Verein Soziokultur soll erst Stellung nehmen und eigene Verbesserungsvorschläge machen / Eindrucksvolle Demo im Ratssaal.

  1. Demonstration der Stärke: mehr als 60 Jugendliche hatte das „Irrlicht“ für die Sitzung des Gemeinderats am Montag mobilisiert. Eine Rekordkulisse. Viele kamen gar nicht mehr in den Saal hinein. Foto: André Hönig

SCHOPFHEIM. (Irr-)Licht am Streit-Horizont: Beigeordneter Ruthard Hirschner nahm am Montag das umstrittene Thema Mietkündigung von der Tagesordnung und reichte den Jugendlichen die Hand: Sie sollen jetzt zuerst angehört werden und eigene Vorschläge zur Verbesserung machen. Sprecher des "Irrlichts" reagierten erfreut auf die diese Kehrtwende.

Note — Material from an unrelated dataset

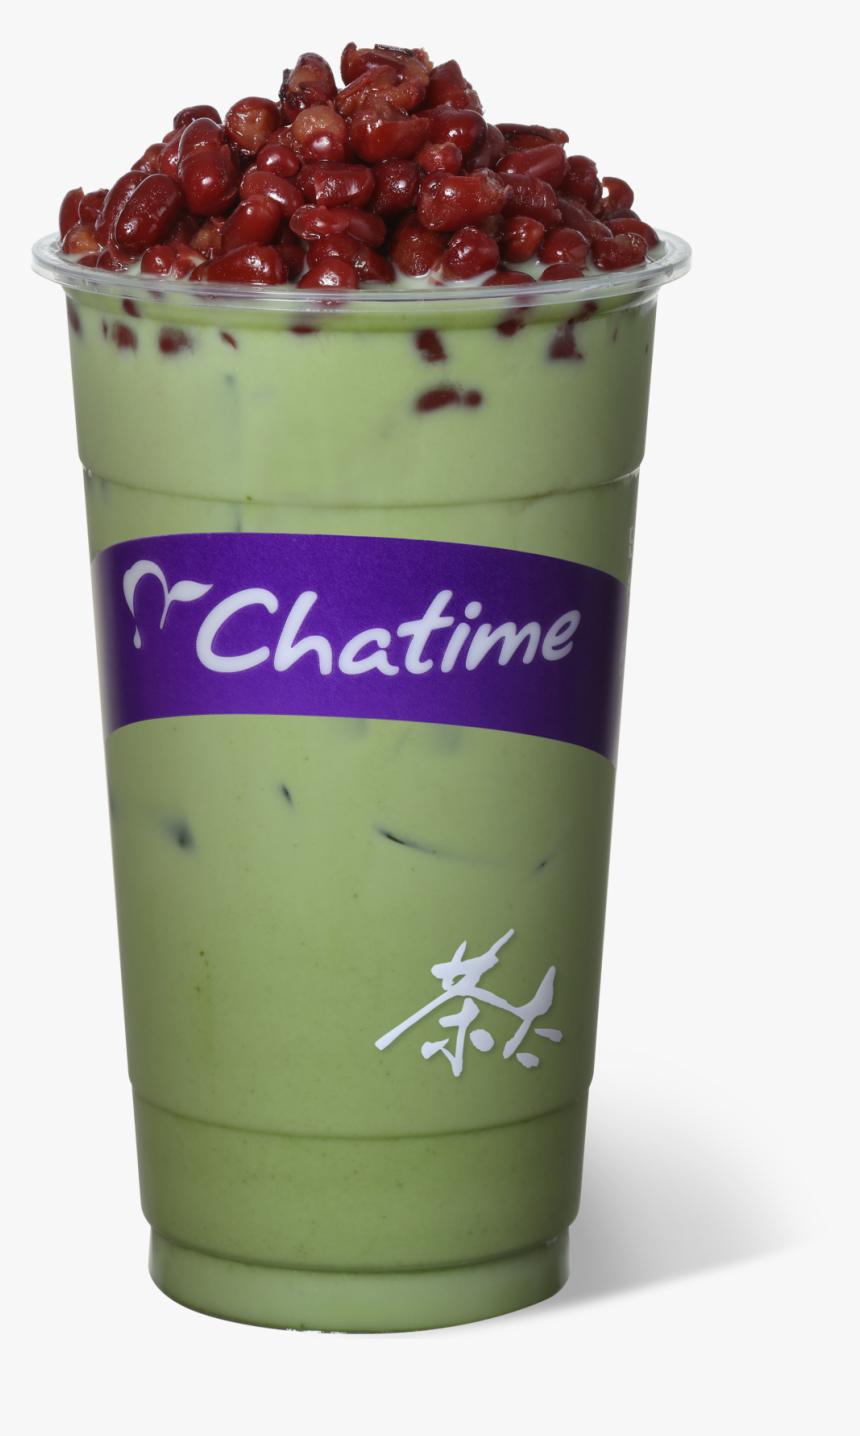 Tªvª E Umatcha Red Bean Milk Tea Chatime Qq Hd Png Download Transparent Png Image Pngitem

Rekordkulisse im Rathaussaal: Mit mehr als 60 Jugendlichen war der Verein Soziokultur e.V. Montagabend angerückt – weit mehr, als der Saal fassen konnte. Viele mussten draußen im Treppenhaus bleiben. Gleichwohl oder gerade deshalb war es eine eindrucksvolle Demonstration des Stellenwerts des "Irrlichts" bei vielen Jugendlichen. Mobilisiert hatte sie die von der SPD beantragte befristete Aussetzung des Mietverhältnisses – gedacht als Denkpause wegen diverser angeblicher oder tatsächlicher Vorfälle in der Vergangenheit (wir berichteten).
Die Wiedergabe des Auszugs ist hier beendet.